→ **Task to complete**
Give back the exact lines of the material below from the one containing "The State of Consular Affairs" through the one containing "3 Reasons why", and no pictures.

[Study material Boundary: Start]

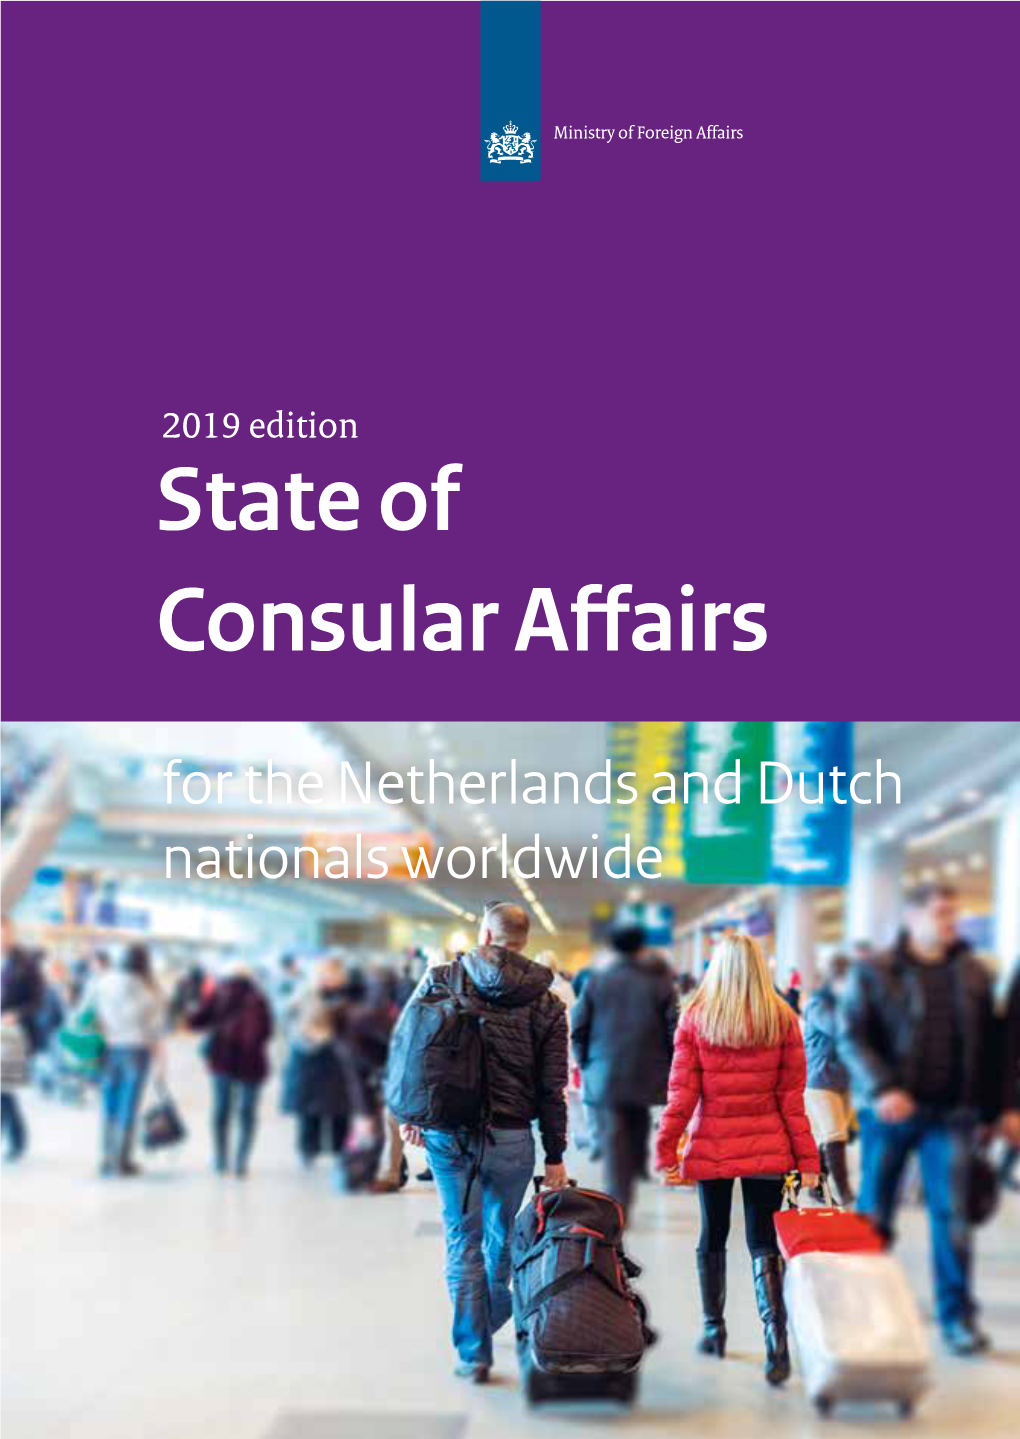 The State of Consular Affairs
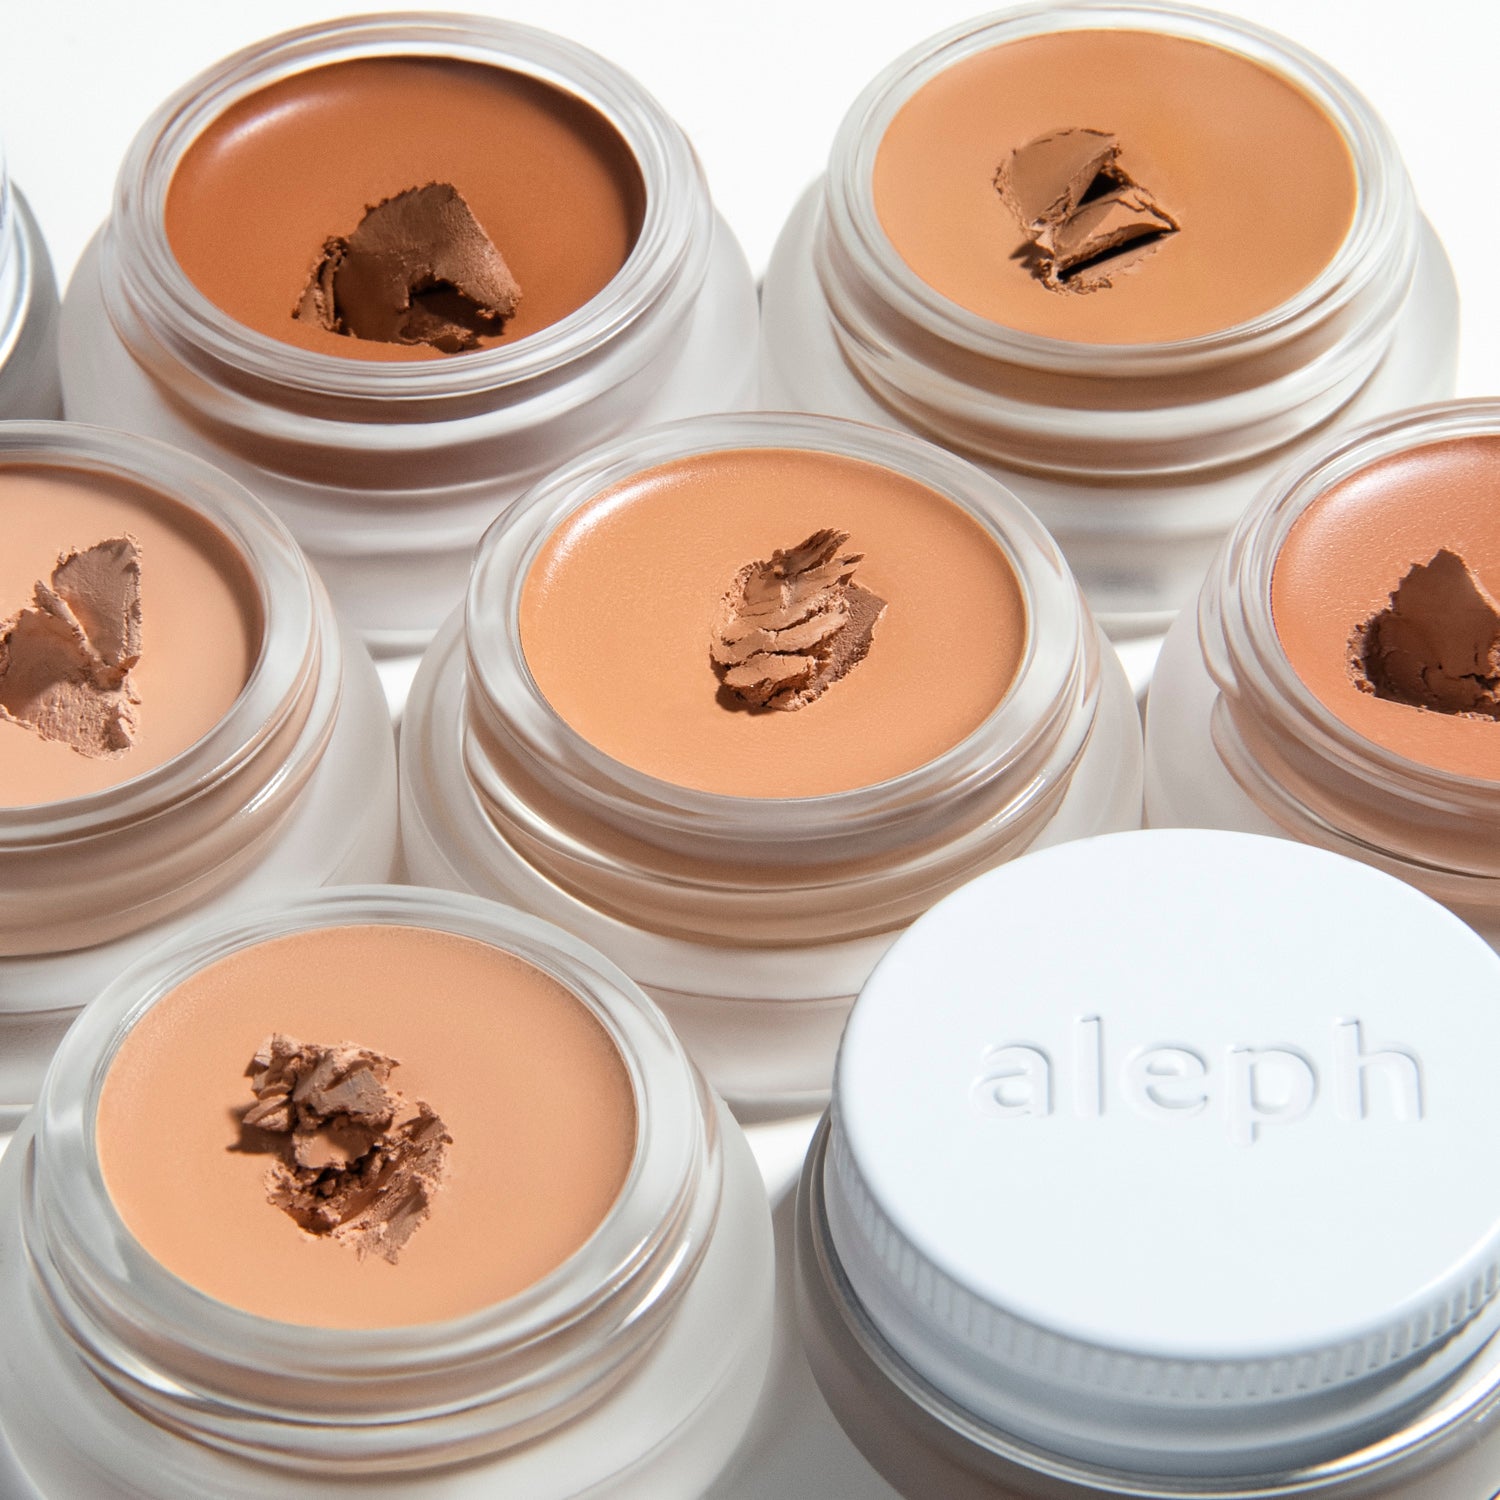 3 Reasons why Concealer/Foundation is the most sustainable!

[Study material Boundary: End]
[Study material Boundary: Start]

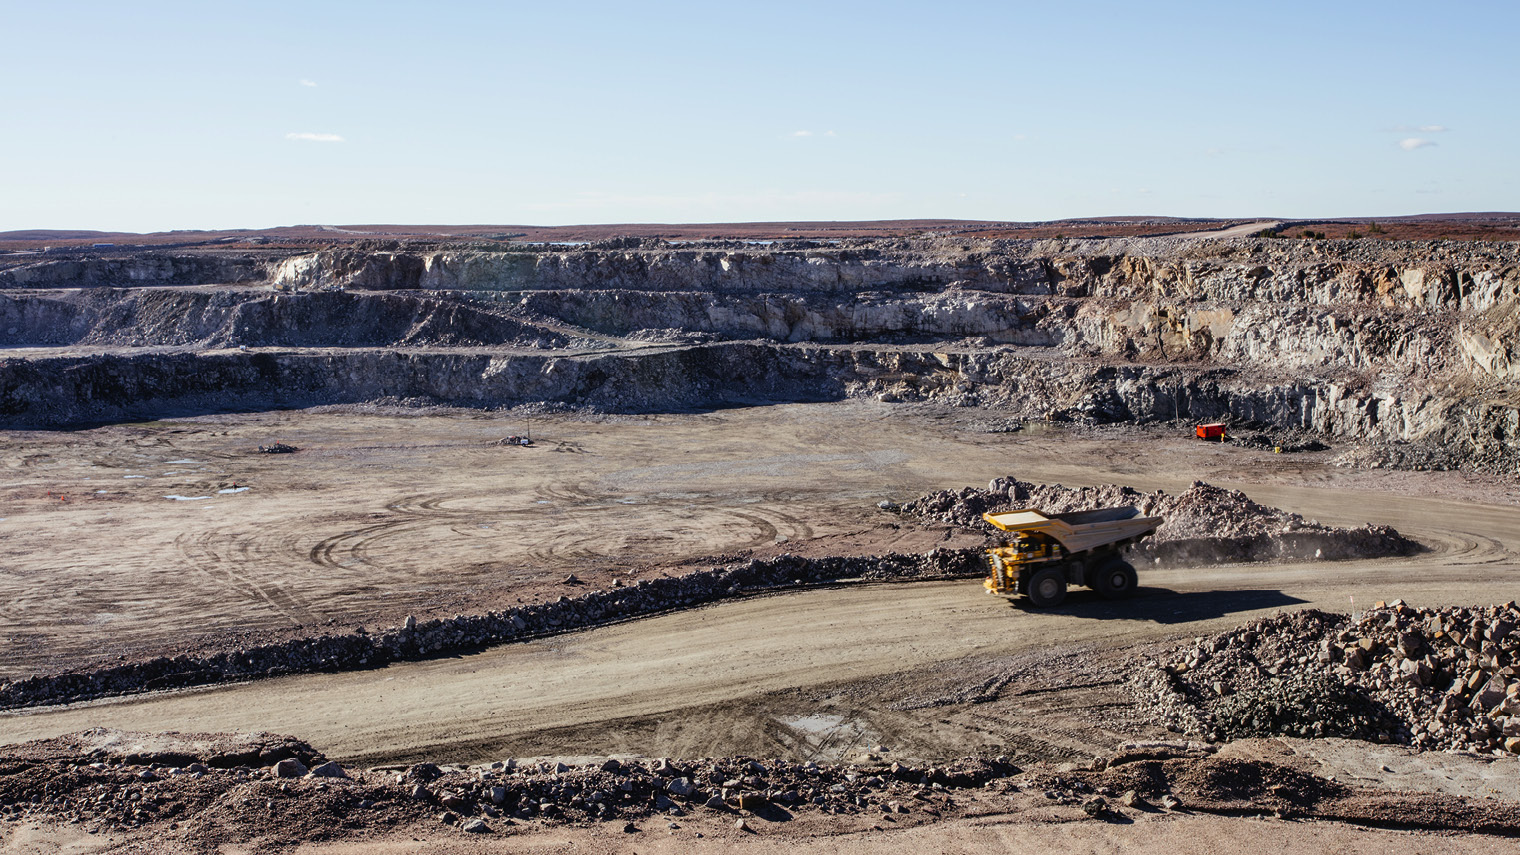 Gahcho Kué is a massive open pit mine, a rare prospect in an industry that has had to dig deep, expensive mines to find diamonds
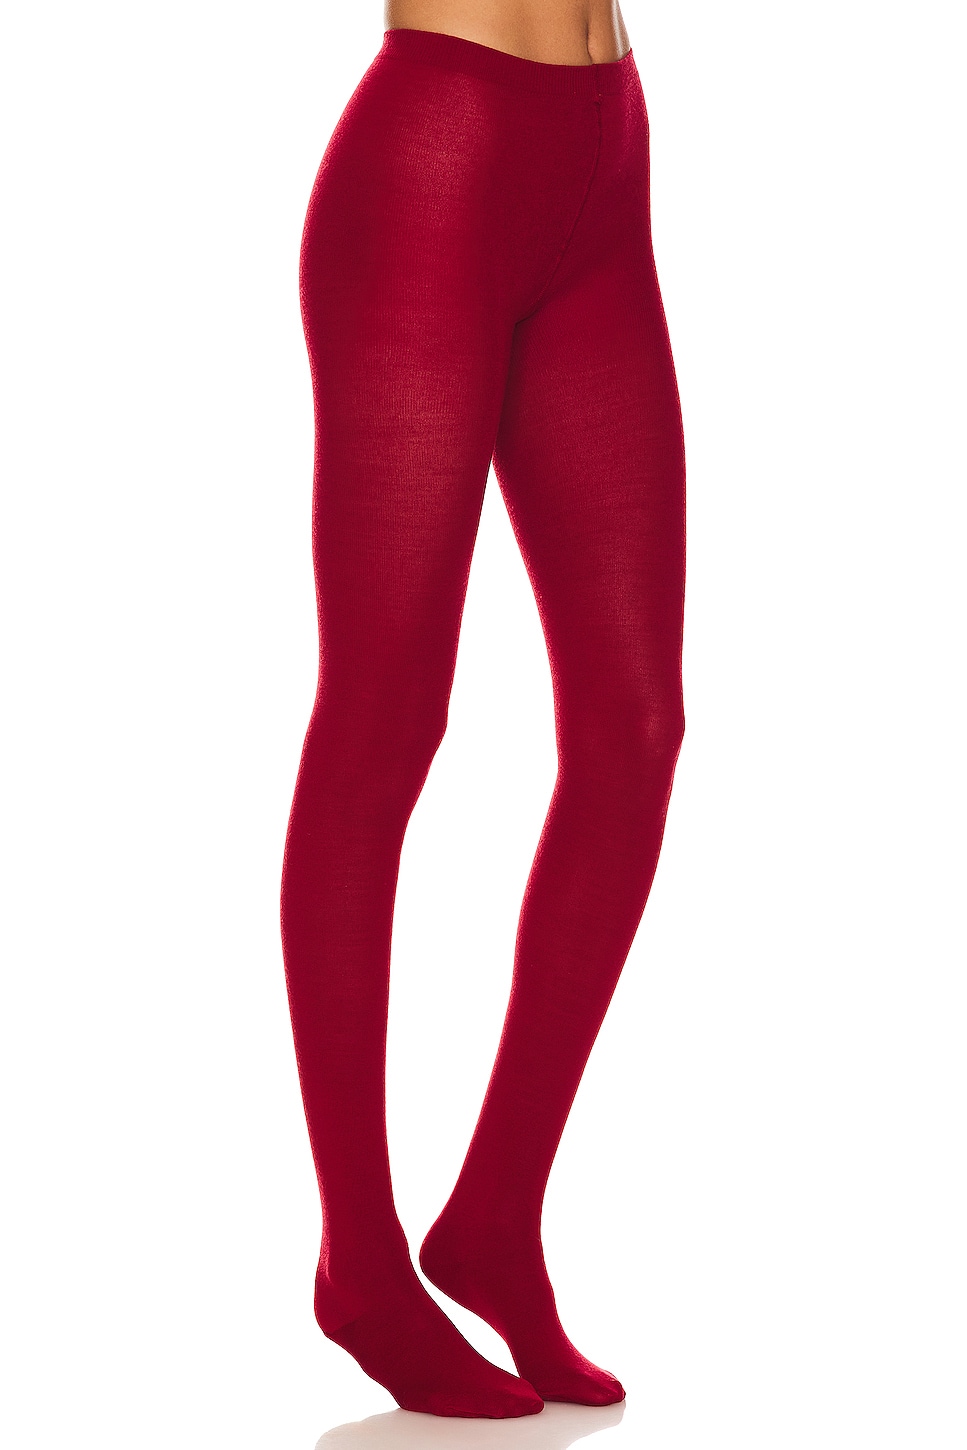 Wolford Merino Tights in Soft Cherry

[Study material Boundary: End]
[Study material Boundary: Start]

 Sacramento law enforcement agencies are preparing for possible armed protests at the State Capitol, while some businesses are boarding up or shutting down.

[Study material Boundary: End]

→ **Task output**
 The State of Consular Affairs
 3 Reasons why Concealer/Foundation is the most sustainable!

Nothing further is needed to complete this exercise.